====== DATA PROVIDED

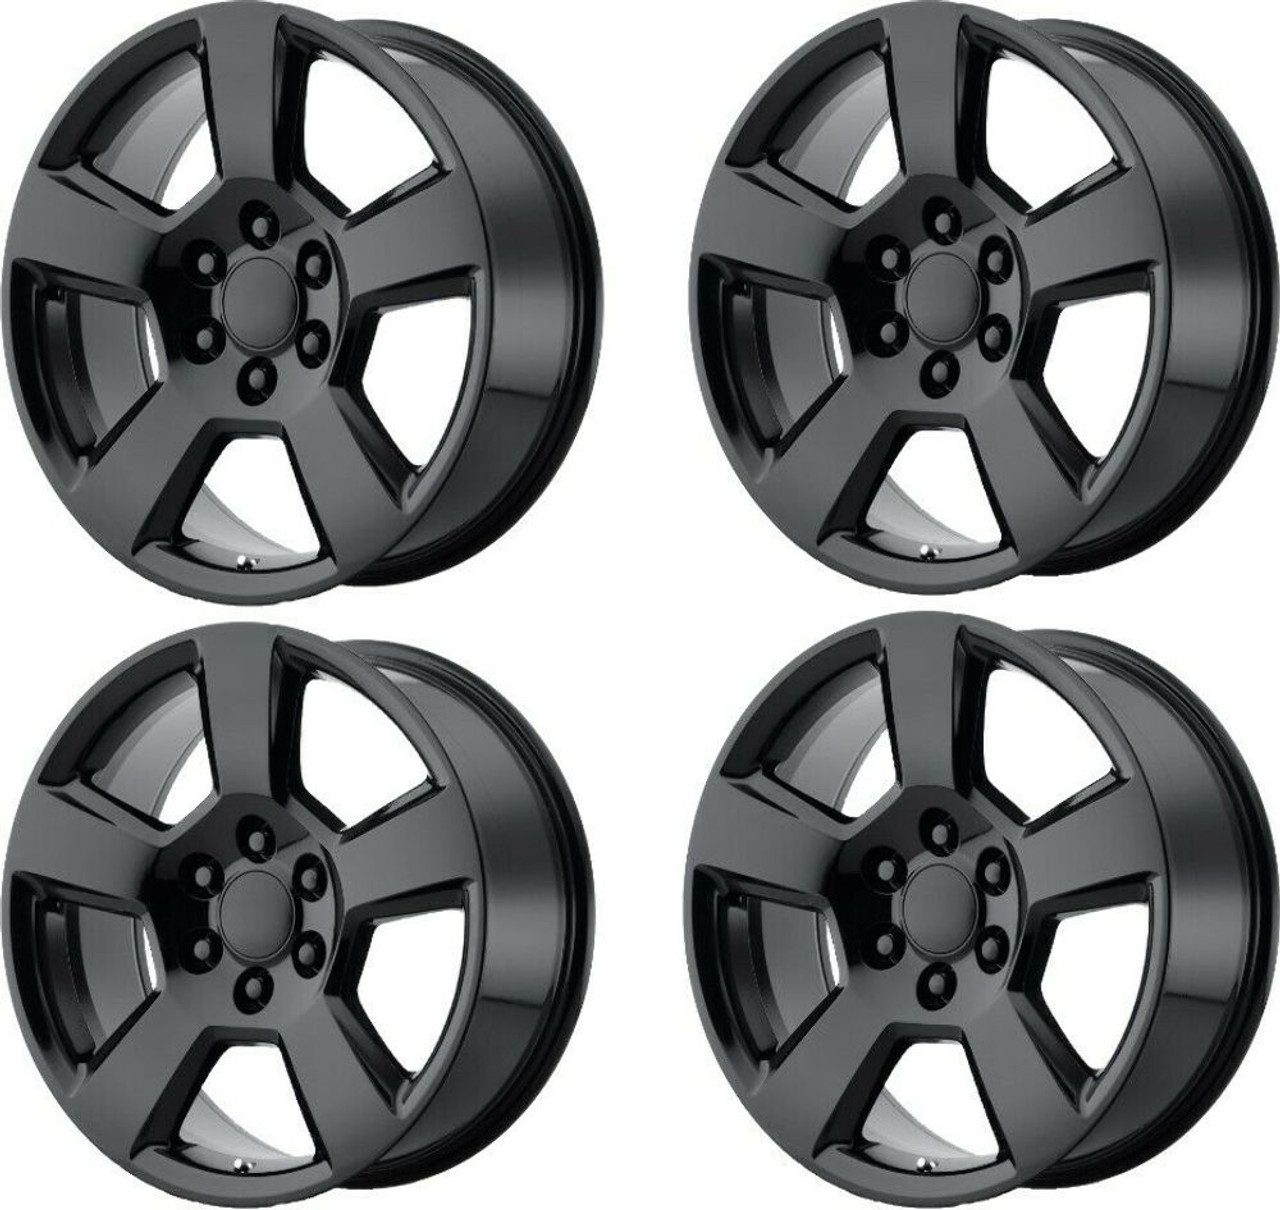 Set 4 Performance Replicas PR183 20x9 6x5.5 Gloss Black Wheels 20" 27mm Rims
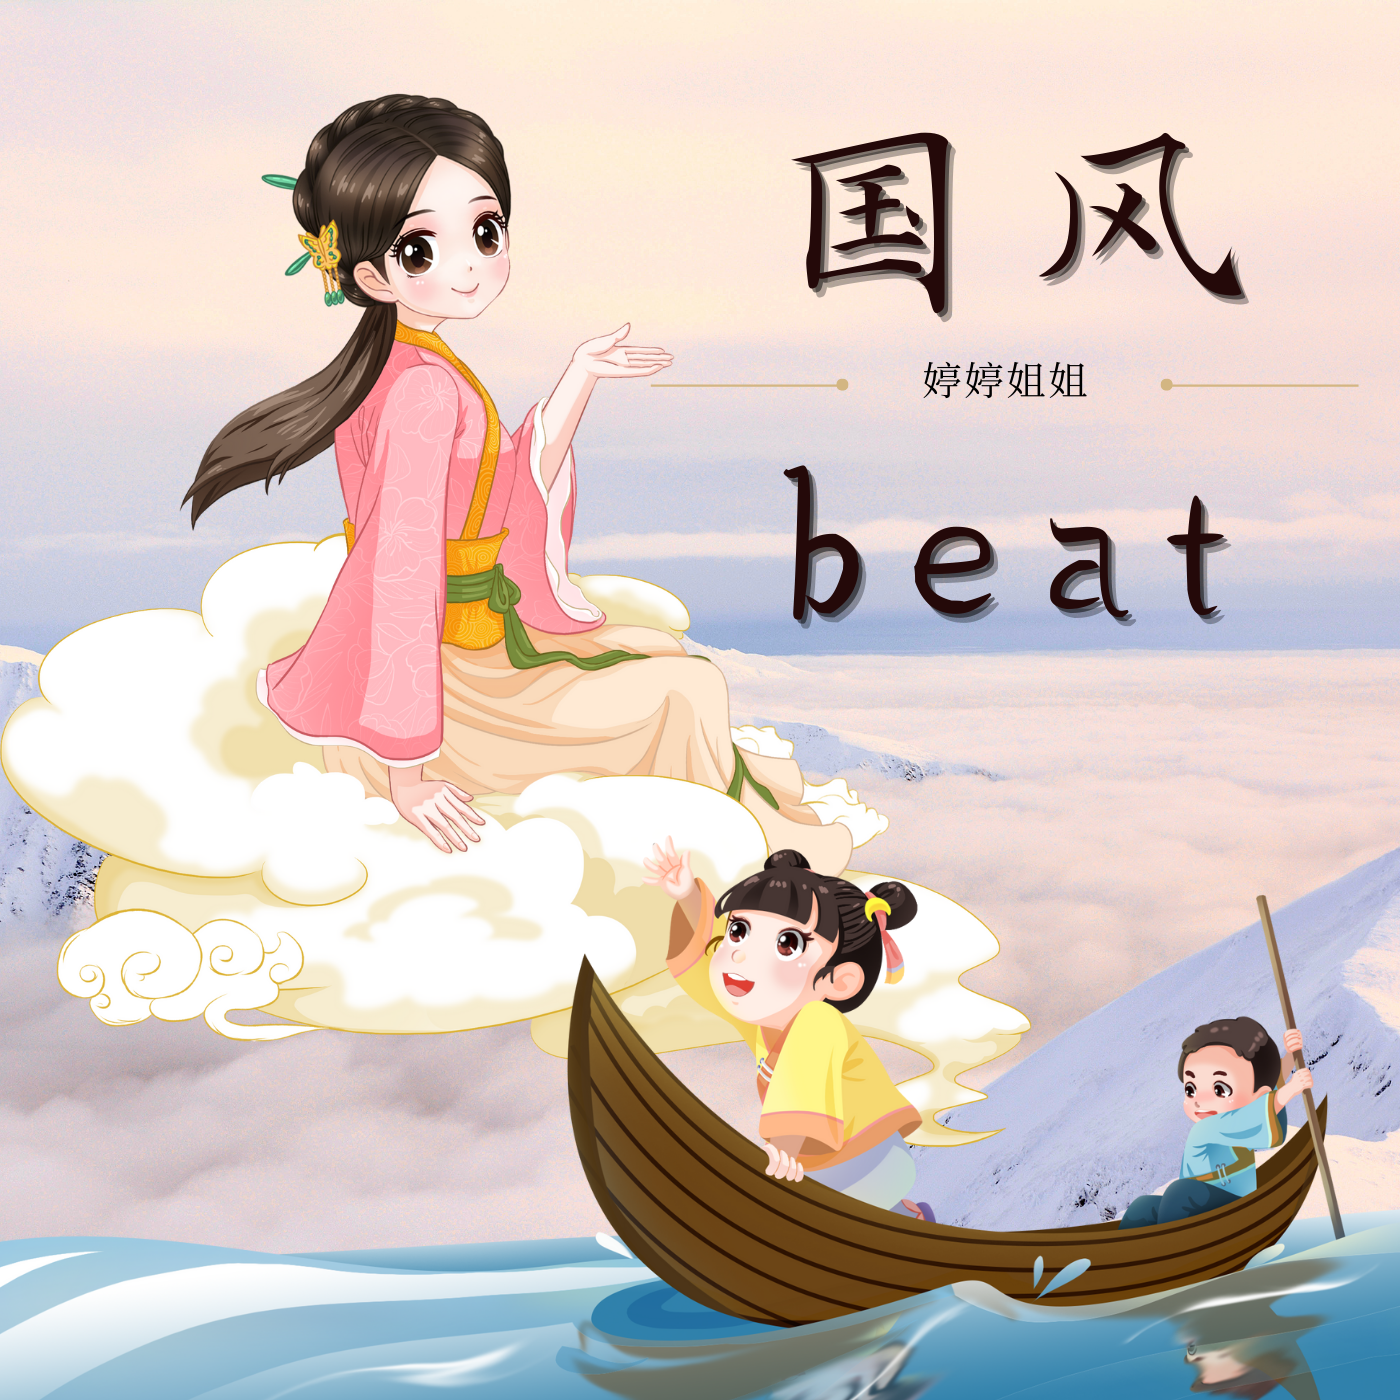 婷婷姐姐 - “传统节日”-中国风/Chinese type beat-BPM93
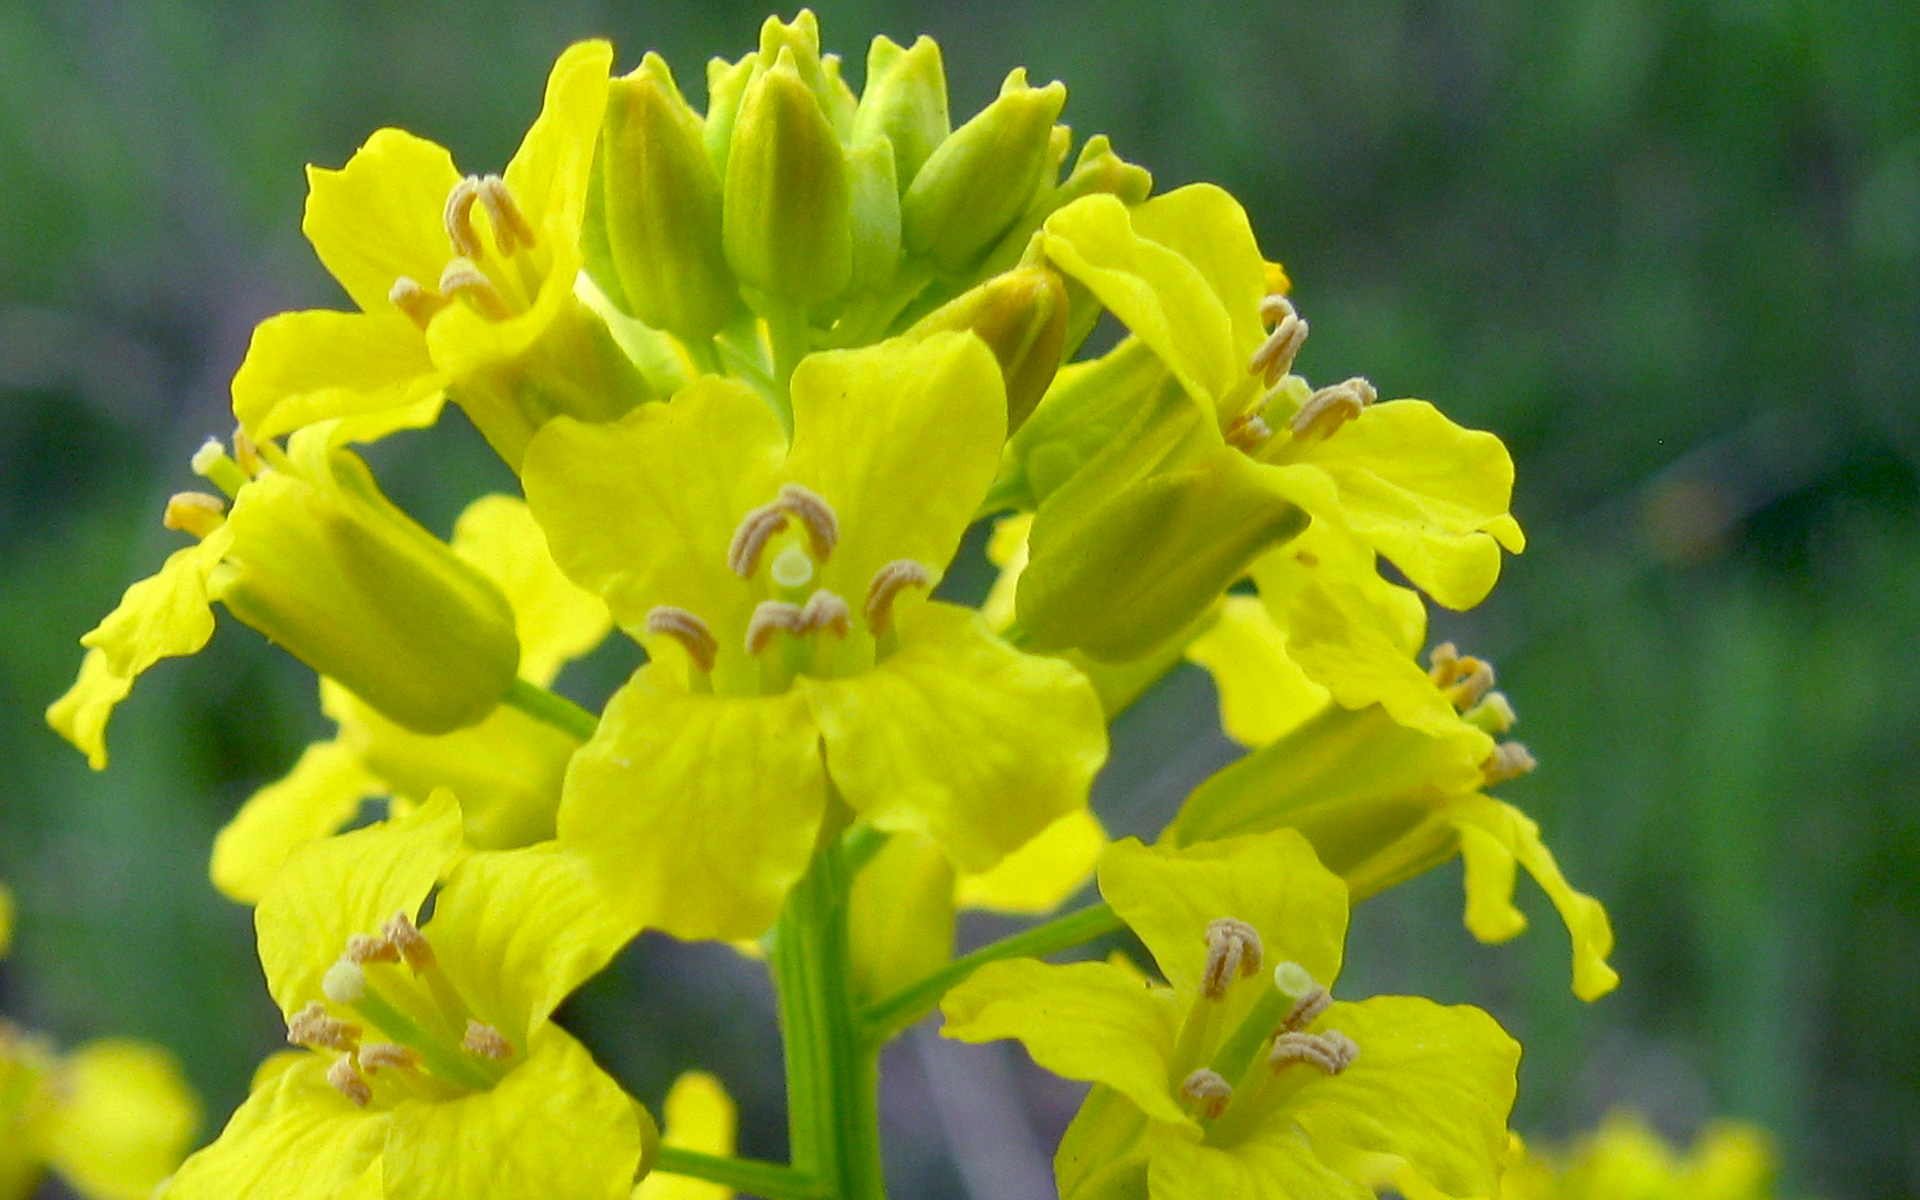 Fleur de barbarée commune. Crédit : Benet2006, Flickr

============

• REQUIRED WORK: Omit the pictures and reproduce the remaining material above exactly.

• EXERCISE ANSWER:
 Set 4 Performance Replicas PR183 20x9 6x5.5 Gloss Black Wheels 20" 27mm Rims
 婷婷姐姐 - “传统节日”-中国风/Chinese type beat-BPM93
 Fleur de barbarée commune. Crédit : Benet2006, Flickr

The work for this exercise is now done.